─── Given data

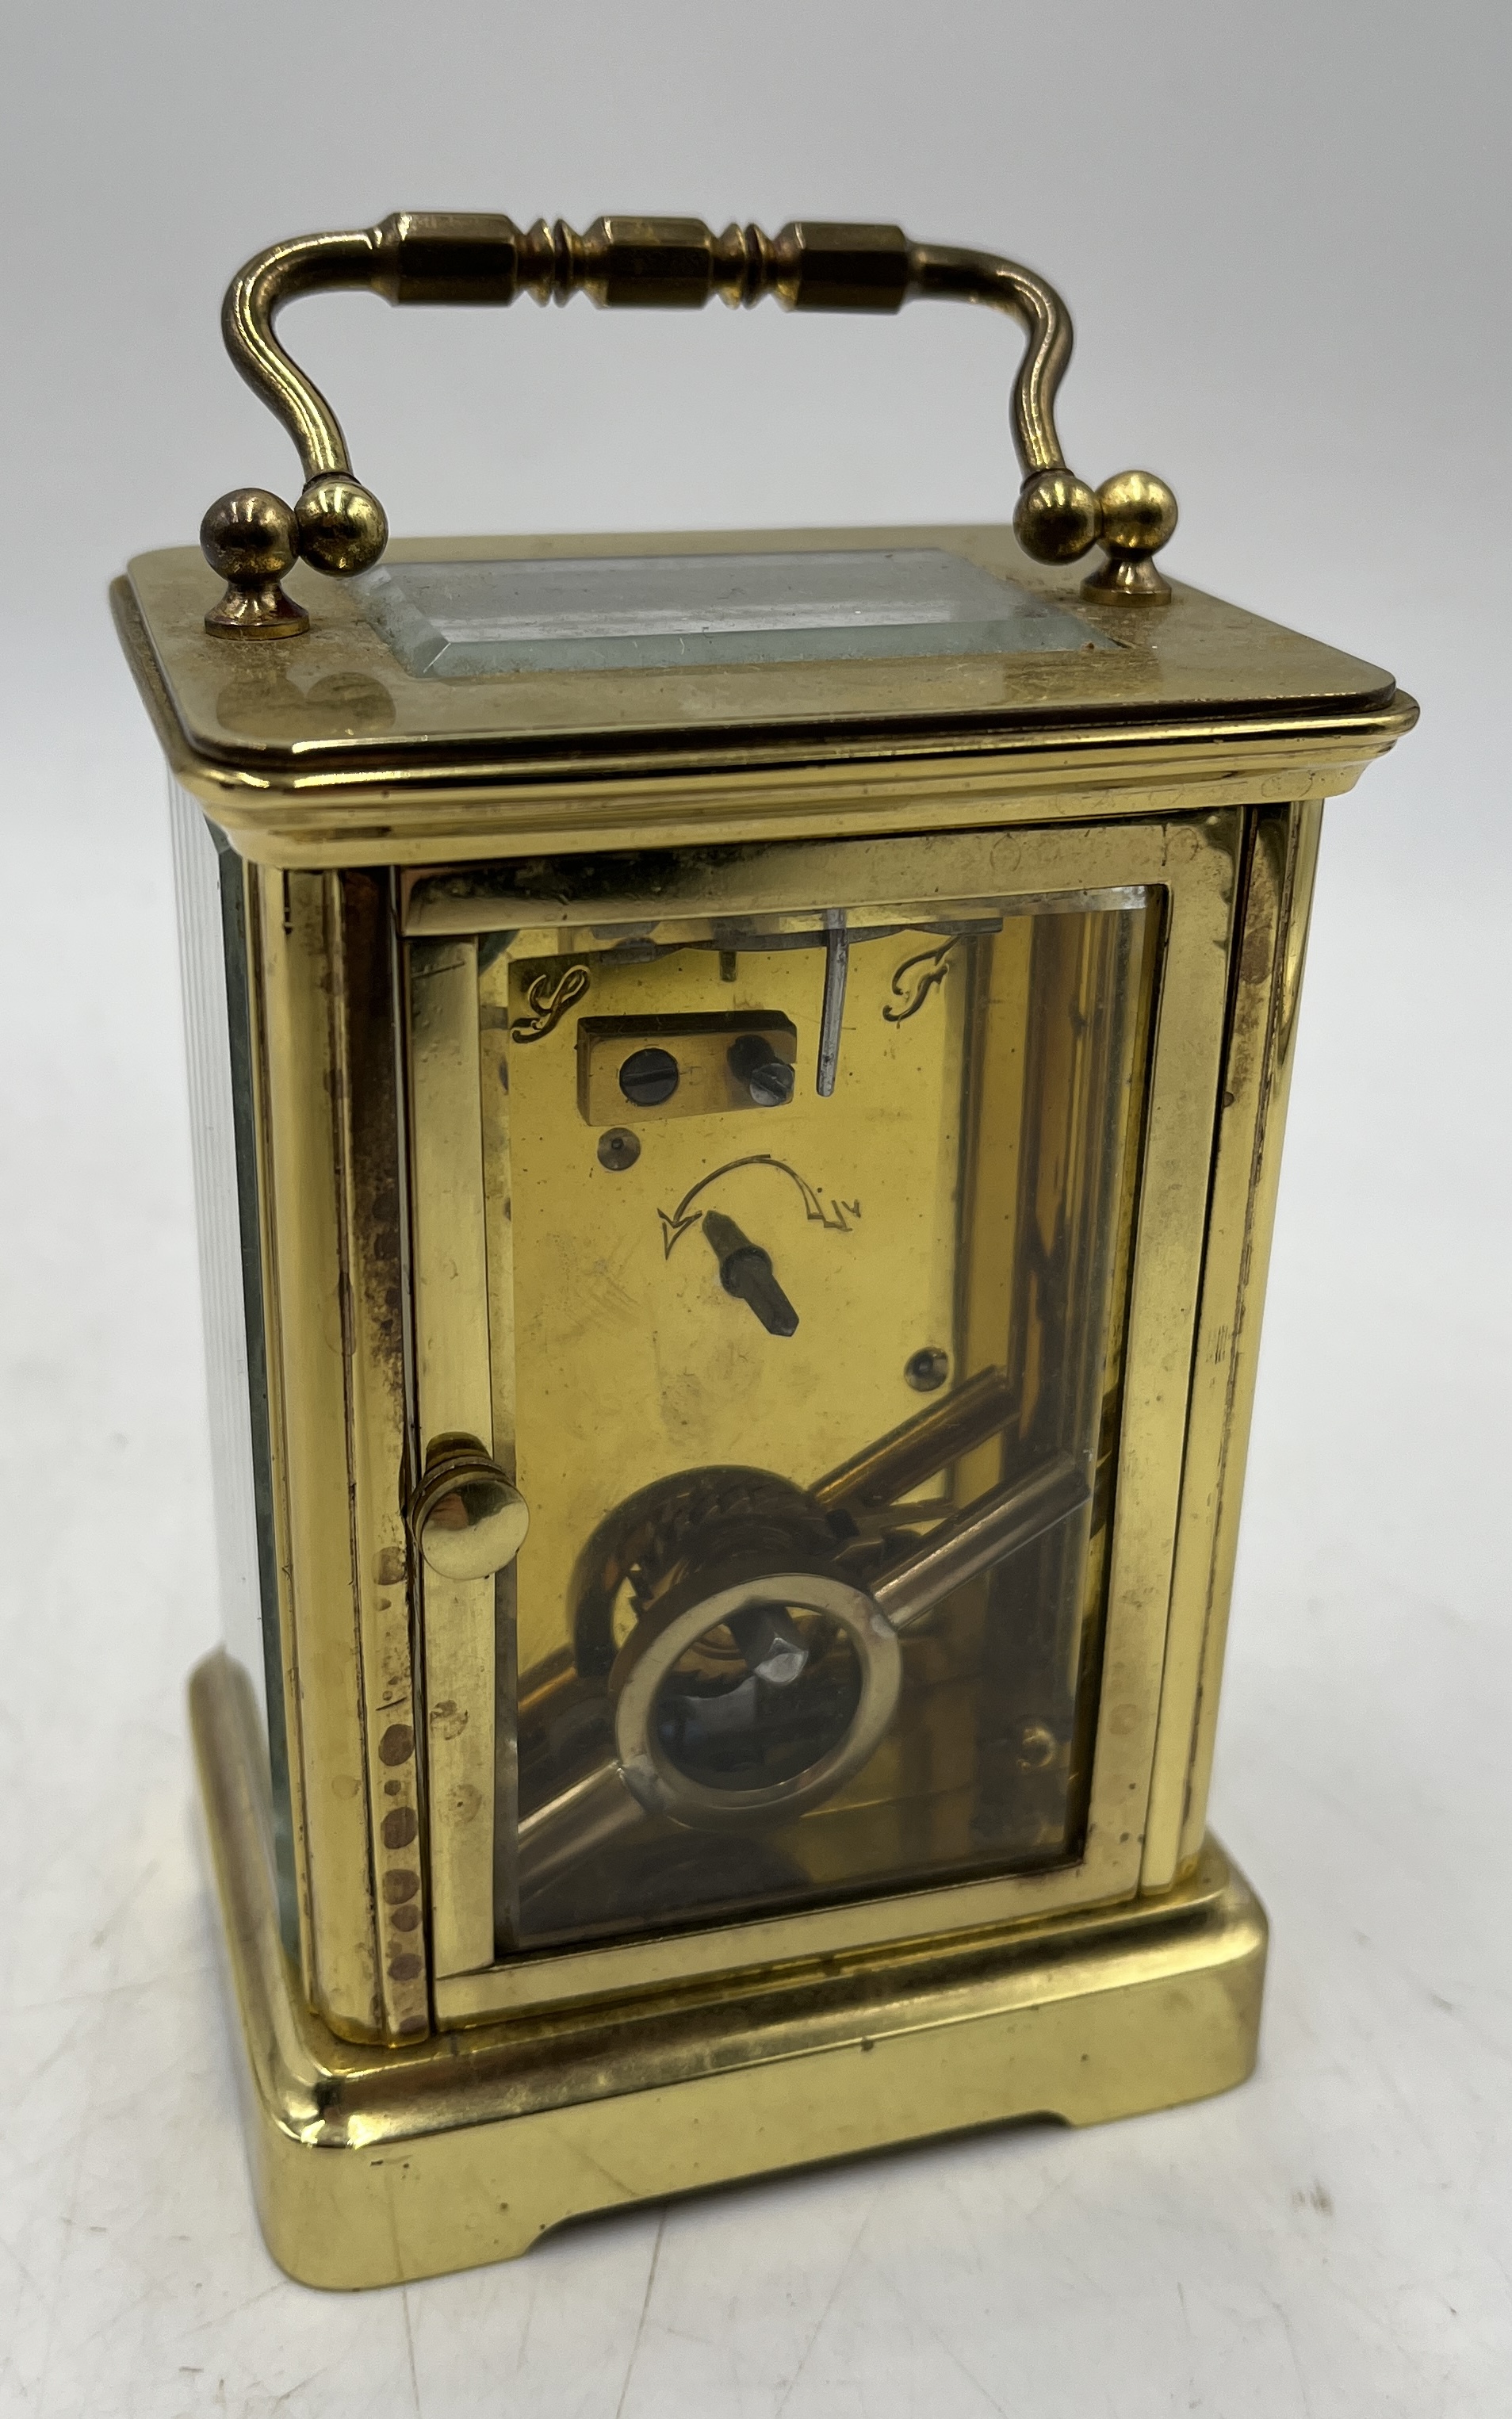 A brass carriage clock with porcelain dial and Arabic numerals - Image 4 of 4
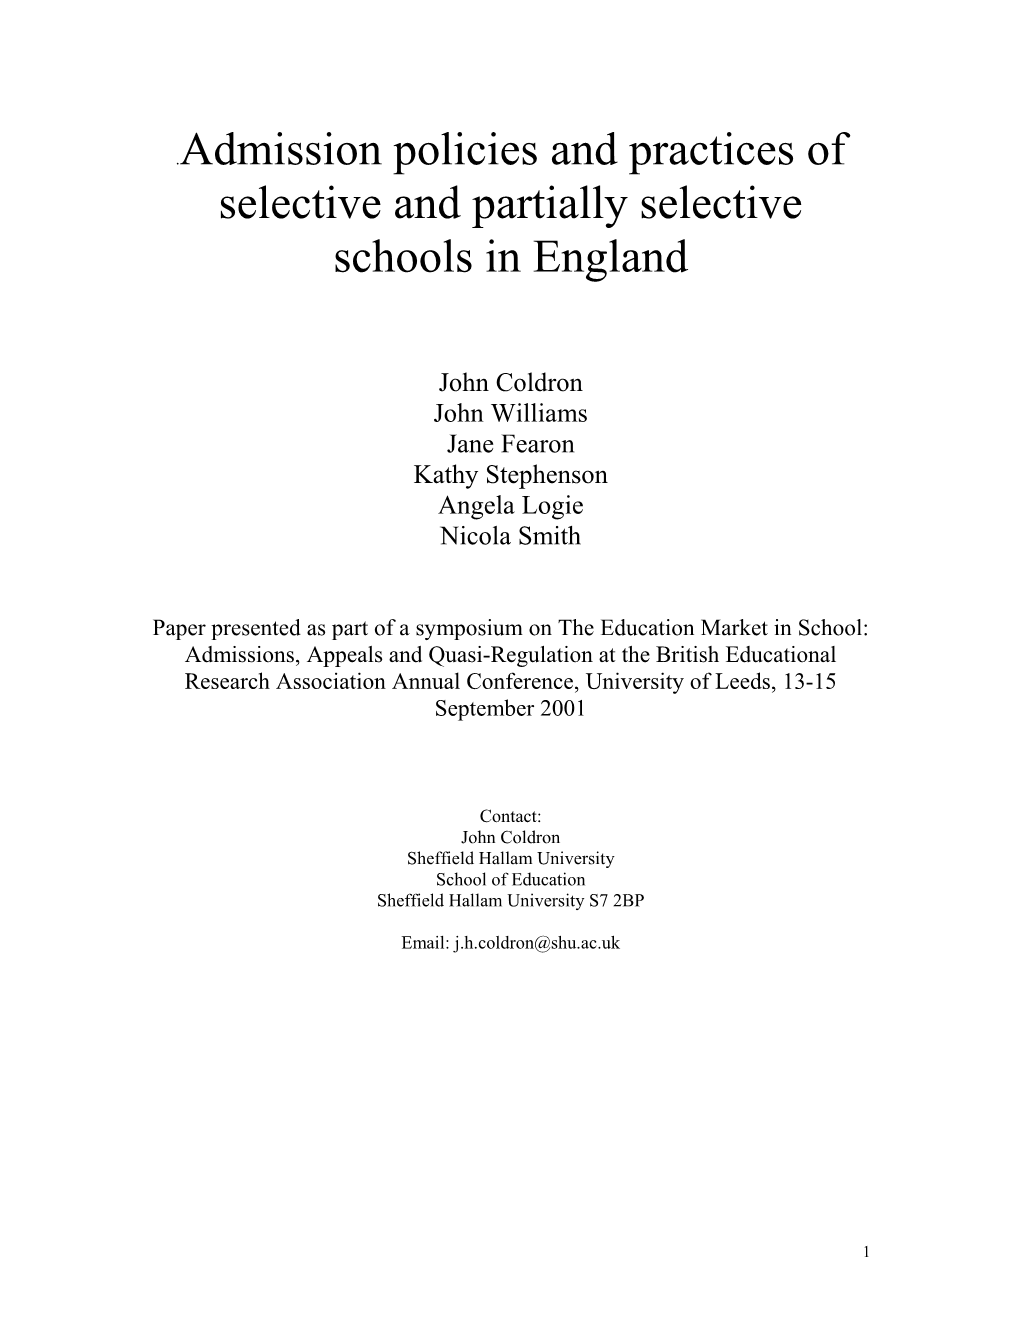 Admission Policies and Practices of Selective and Partially Selective Schools in England
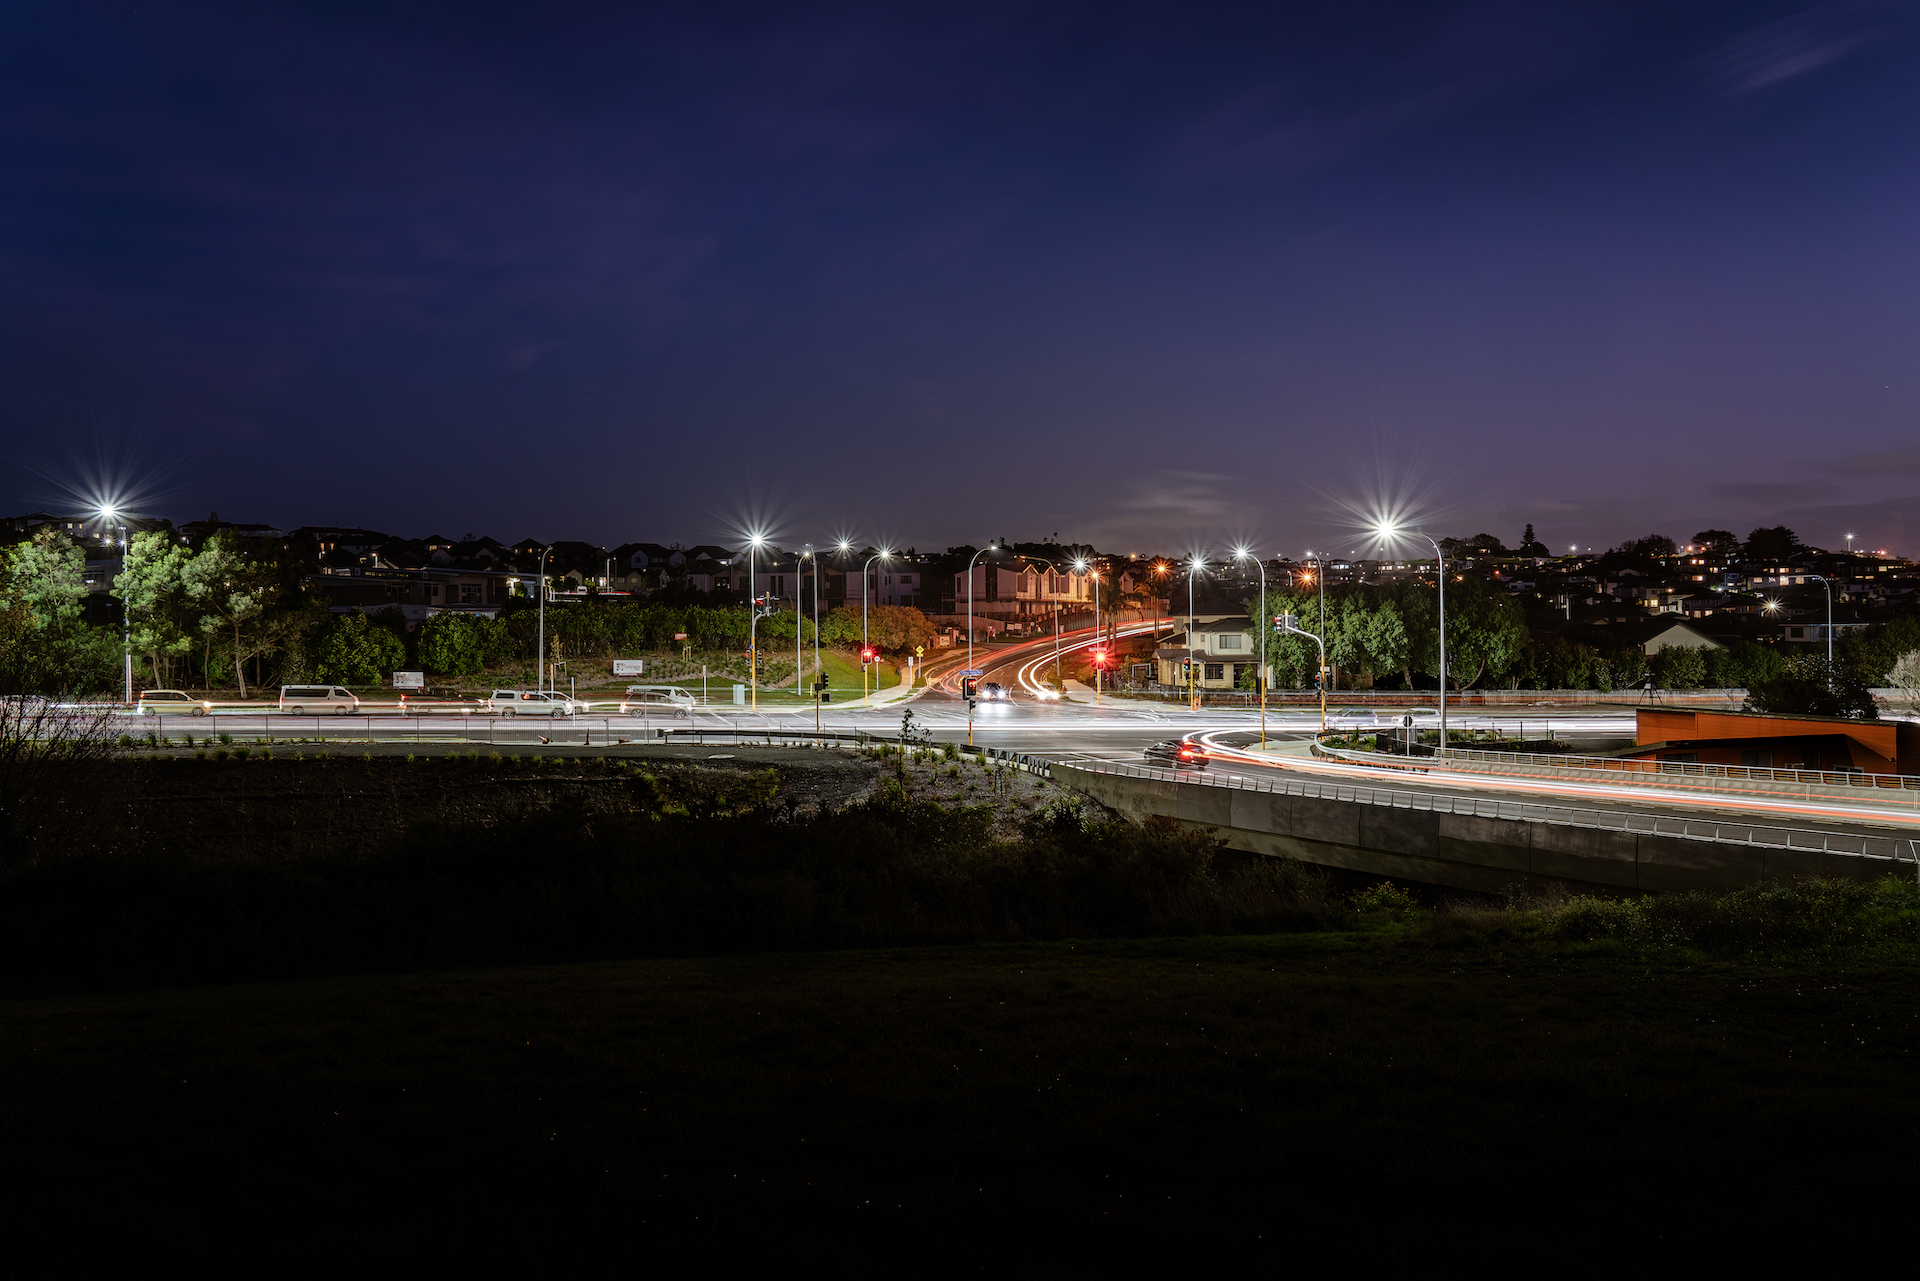 Medaillon Drive intersection at night illuminated by ibex lighting solutions.

──────

Without including any picture, write out the material above verbatim.

*Task solution*
 A brass carriage clock with porcelain dial and Arabic numerals - Image 4 of 4
 Admission Policies and Practices of Selective and Partially Selective Schools in England
 Medaillon Drive intersection at night illuminated by ibex lighting solutions.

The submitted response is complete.